Conforme explica o pesquisador da Associação Brasileira de Empresas de Software – ABES, “no instante em que as máquinas emulam aparência mais humana e transmitem a sensação de proximidade psicológica é aí que lhe ganham a confiança, formando um vínculo emocional poderoso entre humano e máquina”. No momento em que já não conseguimos separar o que é ficção e realidade, “é que devemos ficar atentos para os possíveis riscos advindos dessa ‘humanização’”, adverte.

Röhe, na entrevista concedida por e-mail ao Instituto Humanitas Unisinos – IHU, esclarece que a IA “ainda” está distante de alcançar um estado de consciência semelhante aos humanos. “A Inteligência Artificial generativa (IAG), por exemplo, tem propósito, mas não tem intencionalidade, uma vez que a intencionalidade depende da existência da consciência e autoconsciência, algo que a IA (ainda) está longe de possuir”, exemplifica. “As IAs não estão programadas para falar a verdade, e sim comprometidas em não deixar os usuários sem uma resposta, por mais equivocada, inusitada, limitada ou distante da realidade que possa parecer”, pontua.

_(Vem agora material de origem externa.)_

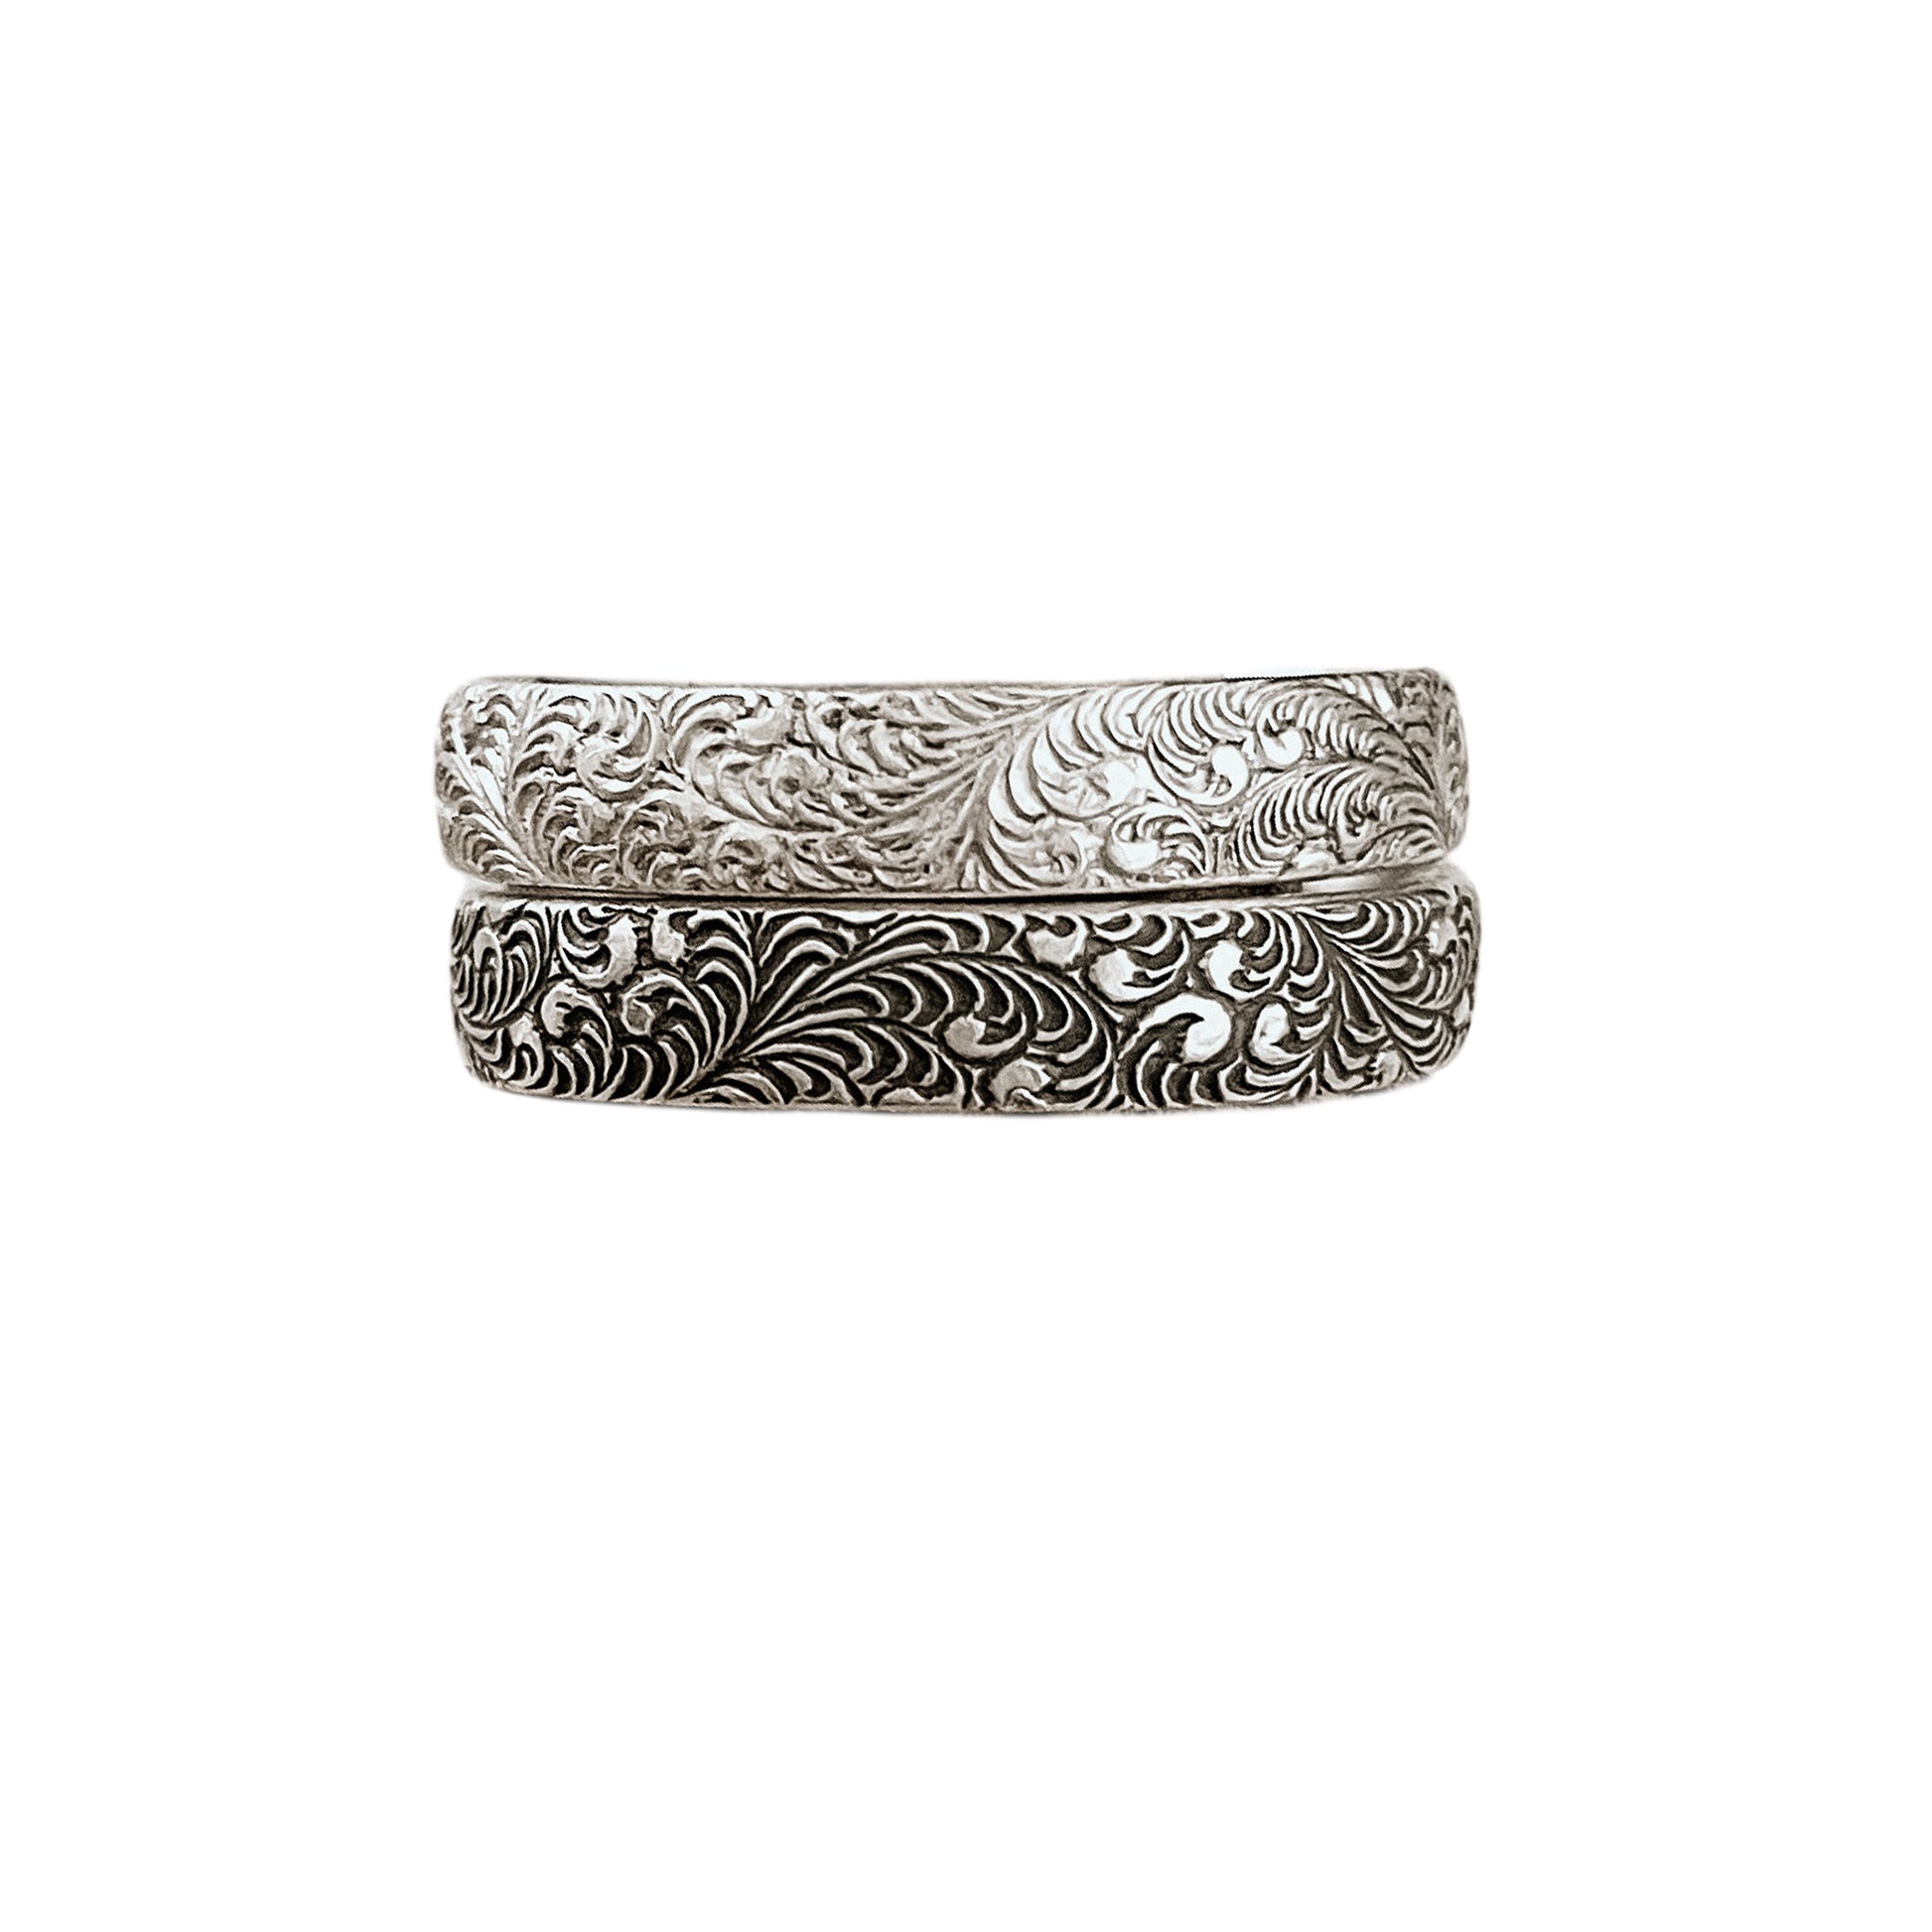 Feathered Sterling Silver Stacking Rings featuring burlesque style feather pattern shown in bright (top) & antiqued (bottom) sterling silver finishes.

Anderson Röhe (Foto: Arquivo pessoal)

Anderson Röhe é advogado membro das Comissões Especiais de Tecnologia e Inovação; Privacidade, Proteção de Dados e Inteligência Artificial da OAB-SP, triênio 2025-2027. Especialista em Direito Digital pela UERJ e ITS Rio. Mestre em Políticas Internacionais na PUC-Rio. Doutorando em Tecnologias da Inteligência e Design Digital junto à PUC-SP sobre governança da Inteligência Artificial e suas implicações para o Sul Global, em especial o Brasil. É pesquisador sênior no think tank ABES – Associação Brasileira de Empresas de Software (GT-IA). Também desenvolve pesquisas no Ethics4AI e Legal Fronts Institute sobre ética, concorrência e mercados digitais. Para conhecer mais sobre o trabalho do entrevistado, acesse seu site.

Confira a entrevista.

IHU – Considerando o que sabemos hoje sobre IA generativa, o que se pode dizer sobre seu propósito?

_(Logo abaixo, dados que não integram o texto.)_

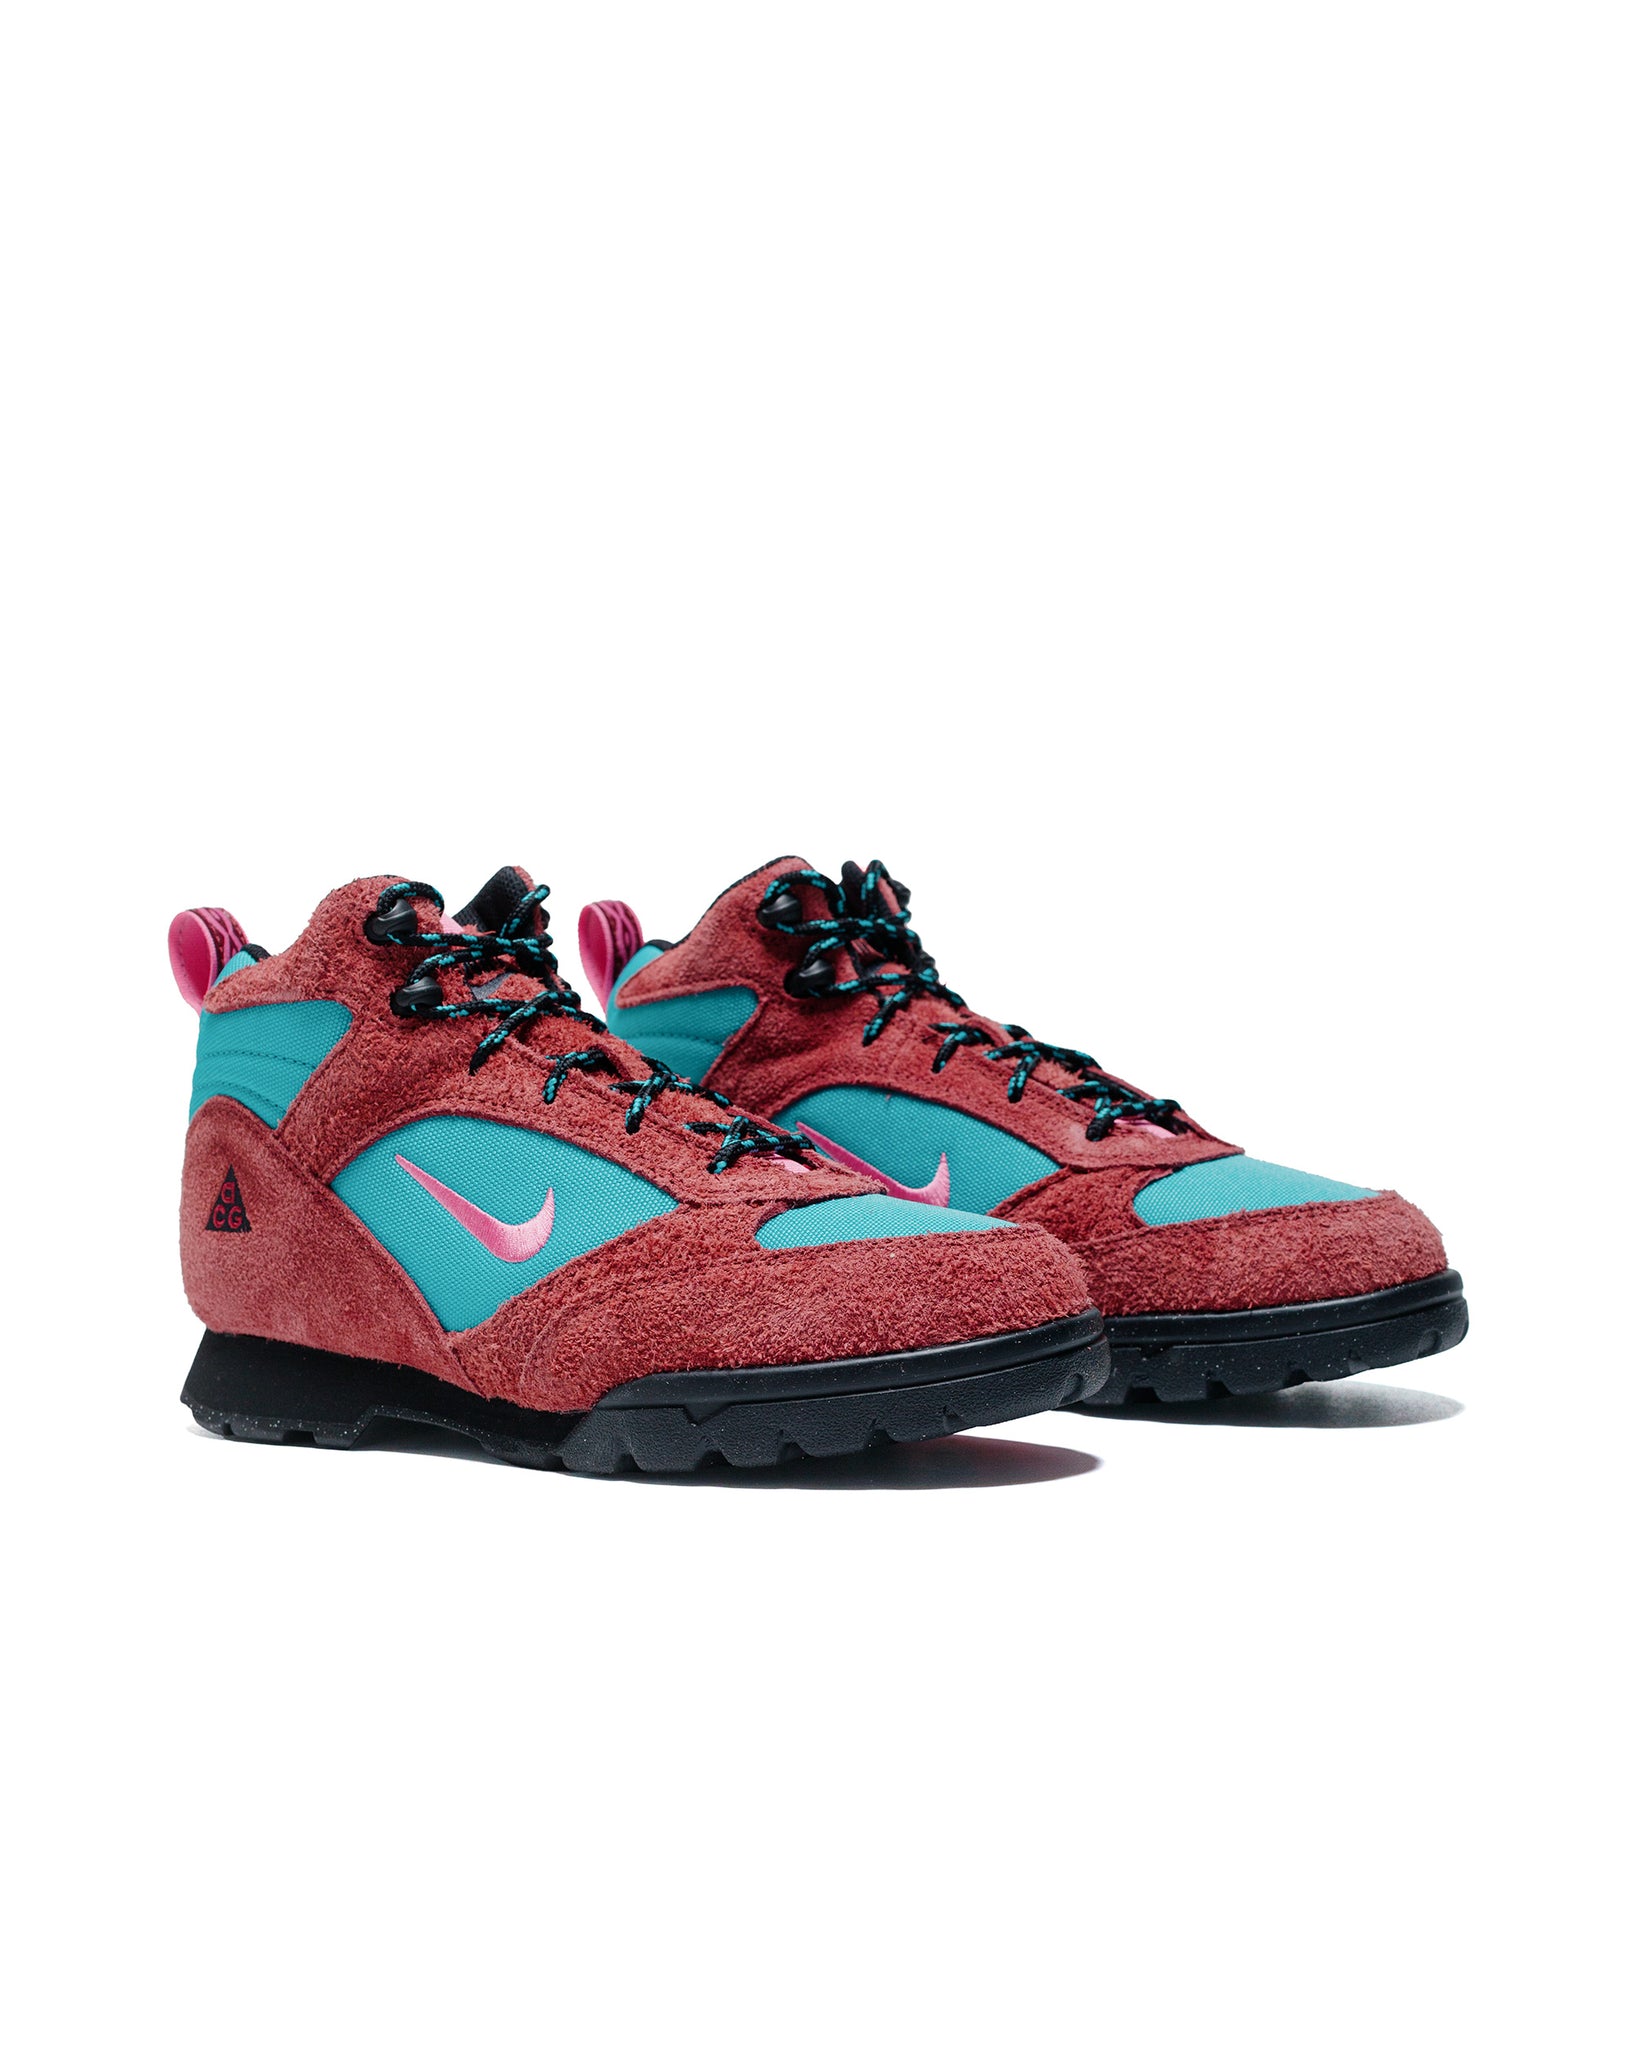 Nike ACG Torre Mid Team Red/Pinksicle side

Anderson Röhe – Em poucas palavras pode-se dizer que o propósito da Inteligência Artificial da espécie generativa (IAG) é cumprir sua missão, não importa como (sem questionamentos, ao melhor estilo “missão dada é missão cumprida”, de preferência sem falhas, julgamentos e custe o que custar em determinadas circunstâncias). Ou seja, os dispositivos hoje tidos como inteligentes na geração de textos, imagens, vozes e vídeos são programados para fazer o que lhes é proposto, gerando com agilidade e prontidão uma resposta ao prompt (comando dado), porém sem compreender exatamente o que estão fazendo, já que não são dotados de consciência, discernimento, senso crítico e/ou juízo de valor. Principalmente no momento de reconhecer se algo é certo ou errado, pois lhes faltam ainda o lado psicológico do propósito, que é a régua moral ou sentimentos de culpa ou remorso típicos dos humanos.

Isto é, até existem códigos de conduta inseridos no desenvolvimento desses sistemas já na fase inicial de programação, quando são previstas palavras-chave problemáticas que, a princípio, não deverão ser respondidas a título de controle, precaução, limite ético e “salvaguarda” de direitos, mas não no nível dos sentimentos ou das emoções que naturalmente vem a inibir ou dissuadir o agente humano de fazer algo assemelhado a um comportamento antiético, inadequado, inapropriado.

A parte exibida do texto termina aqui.